Art. 11 RTubV; scope of the approval requirement for tuberculin-reacting cattle; the provision concerns only the placing ('Einstellen'/'placer') of animals into another herd and not the transfer of ownership by sale. The wording, the comparison with Arts. 302 and 303 OR, the legislative materials, and the systematic relationship with Art. 9bis BRB of 4 October 1955 show that relocation and sale are distinct regulatory objects. A broader interpretation would impair the effectiveness of the sales ban for purposes other than slaughter. Consequently, a purchaser who is not the person placing the animal into the herd does not violate Art. 11 merely by acquiring the animal (consid. 1-2).
84 IV 36
ab Seite 36
A.- Nach Art. 9 bis des Bundesratsbeschlusses vom 4. Oktober 1955 über die Abänderung der Vollziehungsverordnung zum Bundesgesetz über die Bekämpfung der Rindertuberkulose dürfen Tiere der Rindergattung aus nicht amtlich als tuberkulosefrei erklärten Beständen von den Besitzern nur noch direkt zur Schlachtung veräussert werden. Die Abgabe zu andern Zwecken ist verboten. Nach Art. 11 der Vollziehungsverordnung vom 22. Dezember 1950, den Art. 9 bis Abs. 3 des BRB ausdrücklich vorbehält, dürfen Tiere, die lediglich Reaktionstuberkulose aufweisen, unter sichernden Massnahmen in Bestände eingestellt werden, deren Verhältnisse vorläufig eine Tilgung der Tuberkulose noch nicht zulassen. Hierzu ist in allen Fällen die Bewilligung des Kantonstierarztes am neuen Standort erforderlich.
B.- Im Frühjahr 1956 kaufte Robert Keusch, Metzger in Mühlau, vom Viehhändler Fritz Schwegler in Eschenbach eine als Tuberkulosereagent gekennzeichnete, im Bestand des Franz Dober in Mühlau befindliche Kuh. Er erwarb das Tier nicht zur Schlachtung, sondern um es zu nutzen. Eine Bewilligung des Kantonstierarztes wurde nicht eingeholt.
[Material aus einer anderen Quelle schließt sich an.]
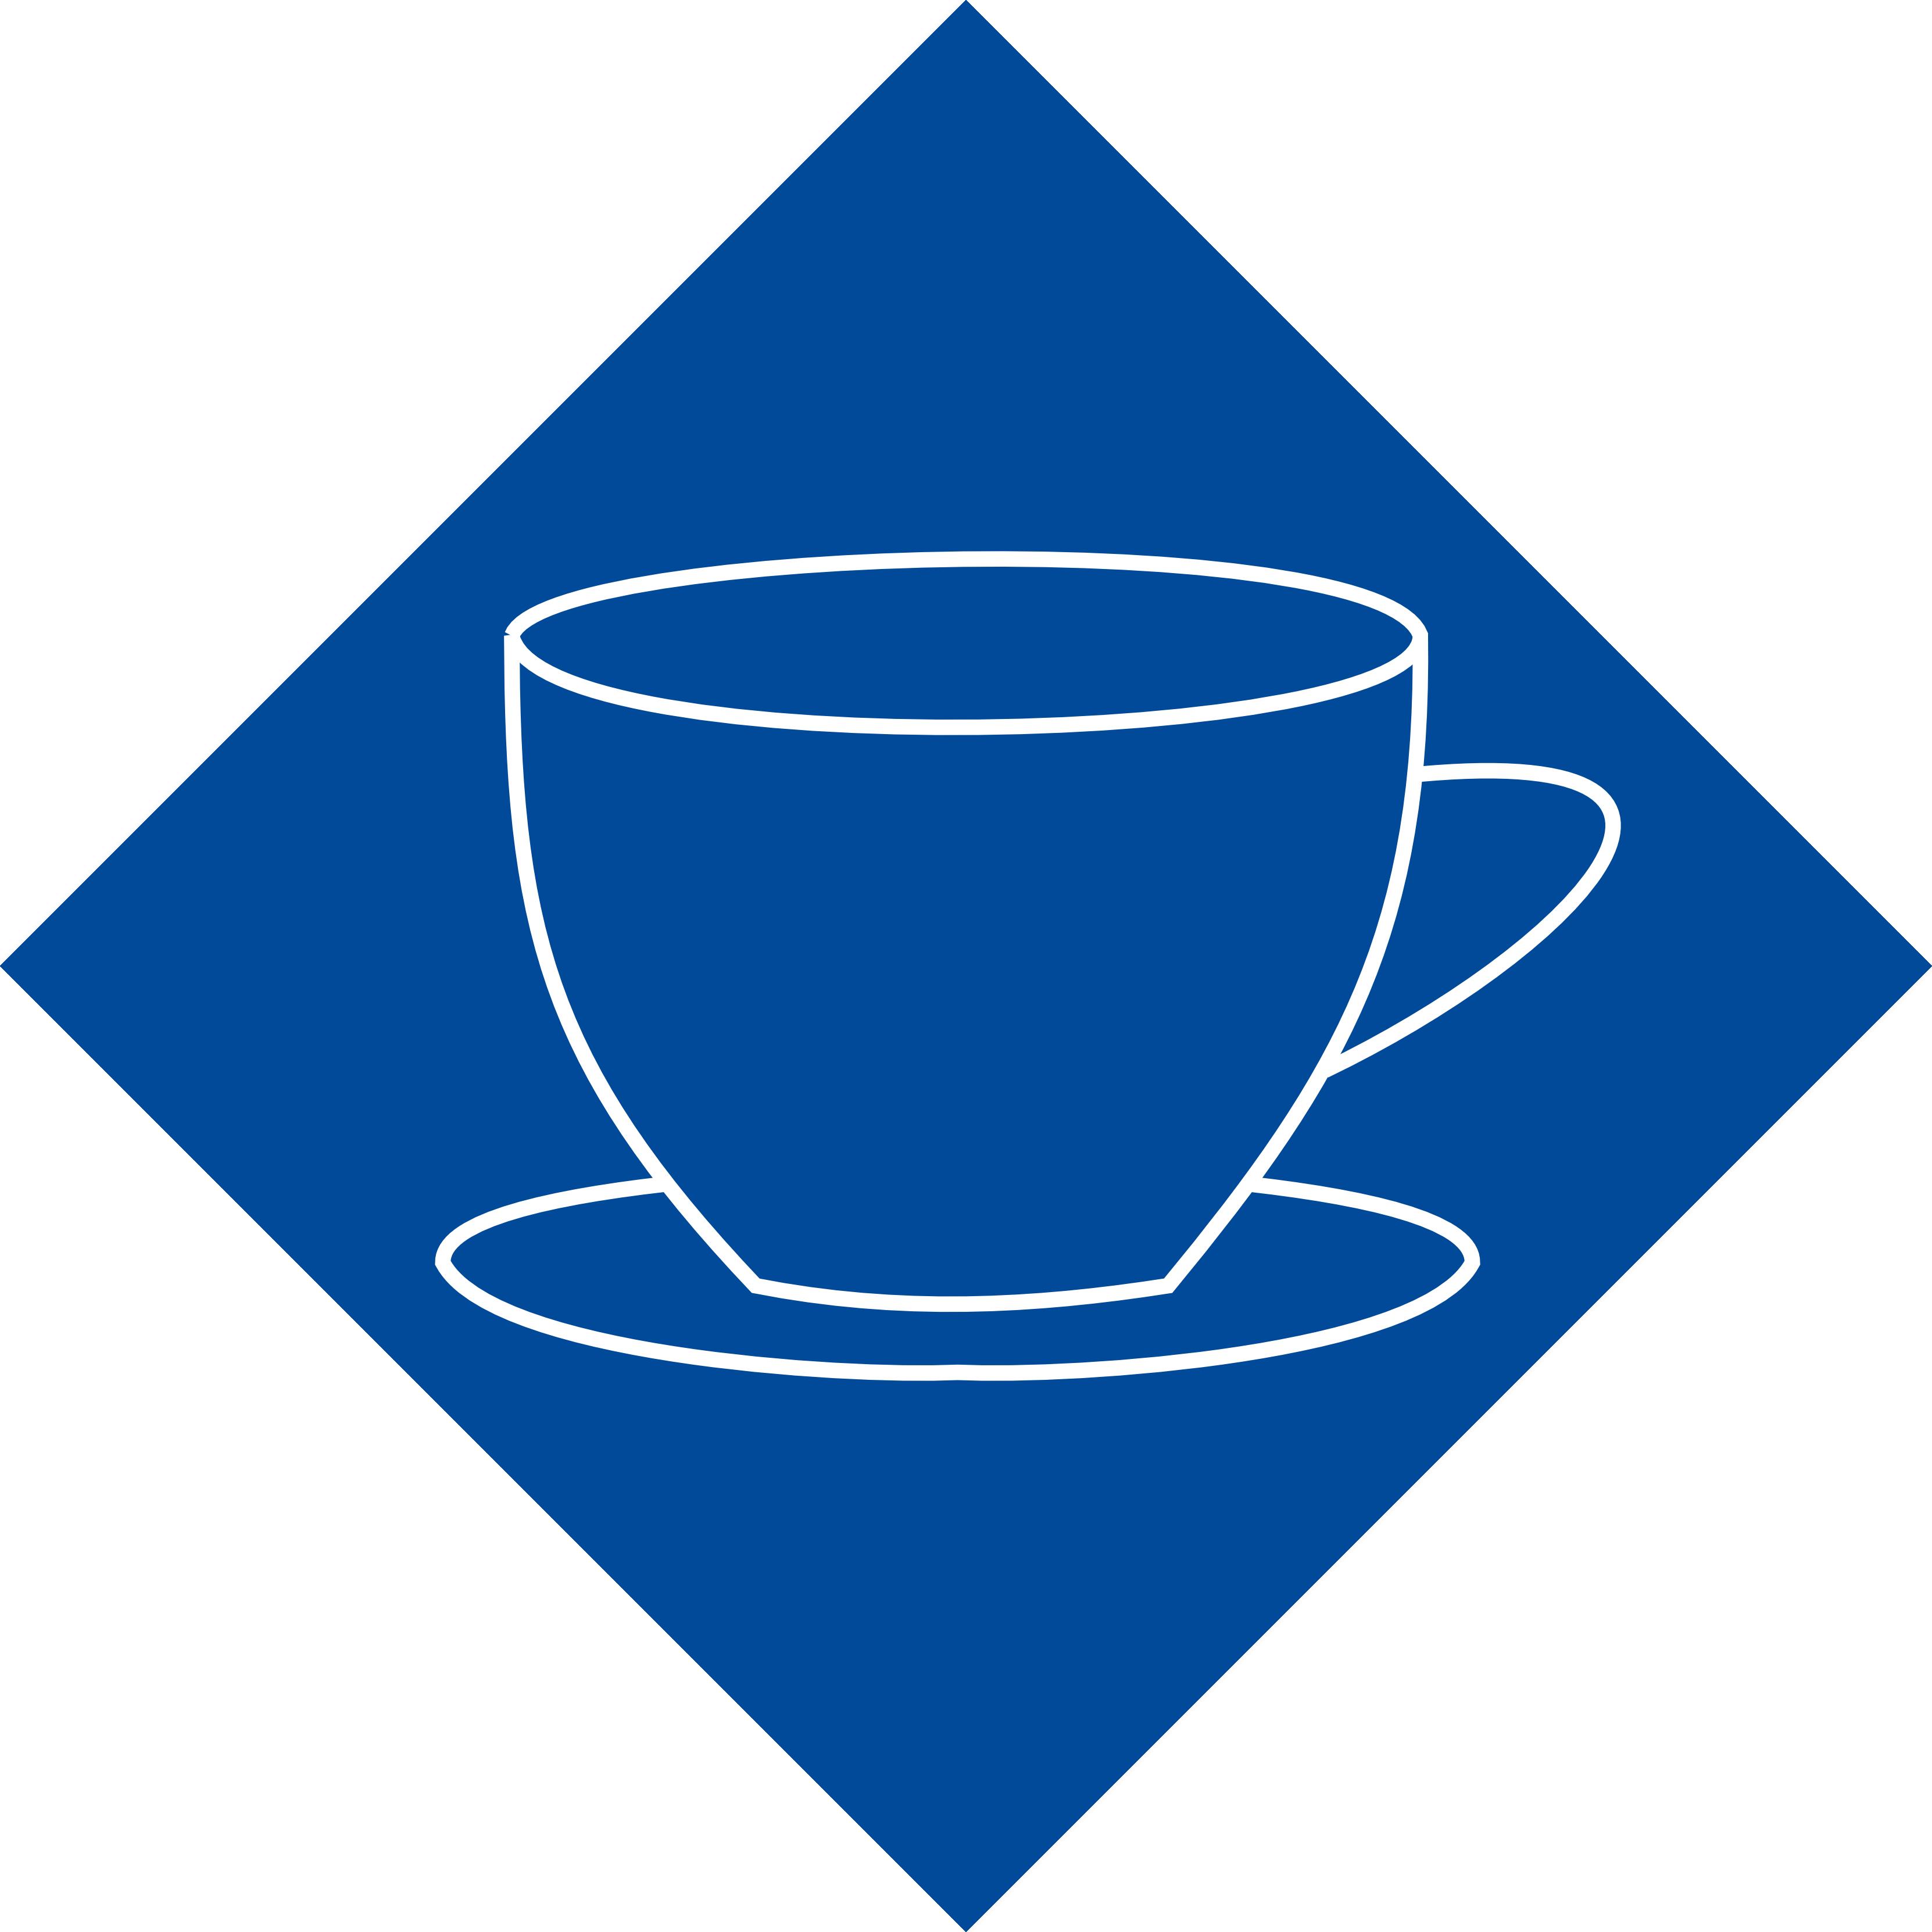 Genussmittel-Symbol

C.- Am 22. November 1957 sprach das Obergericht des Kantons Aargau Keusch von der Anklage der Widerhandlung gegen Art. 11 der Vollziehungsverordnung vom 22. Dezember 1950 zum Bundesgesetz über die Bekämpfung der Rindertuberkulose (RTubV; AS 1950 II S. 1486) bzw. Art. 9 bis des Bundesratsbeschlusses vom 4. Oktober 1955 über die Abänderung der Verordnung (AS 1955 S. 845) frei.
D.- Die Staatsanwaltschaft des Kantons Aargau führt Nichtigkeitsbeschwerde mit dem Antrag, das Urteil des Obergerichtes sei aufzuheben und die Sache zur Bestrafung des Beschwerdegegners wegen Übertretung von Art. 11 RTubV an die Vorinstanz zurückzuweisen.
Der Kassationshof zieht in Erwägung:
Die Staatsanwaltschaft hält dafür, dass Art. 11 RTubV einerseits Veräusserer und Übernehmer eines Tuberkulosereagenten zur Einholung der Bewilligung verpflichte und anderseits sowohl für die Verstellung wie für den Verkauf solcher Tiere gelte.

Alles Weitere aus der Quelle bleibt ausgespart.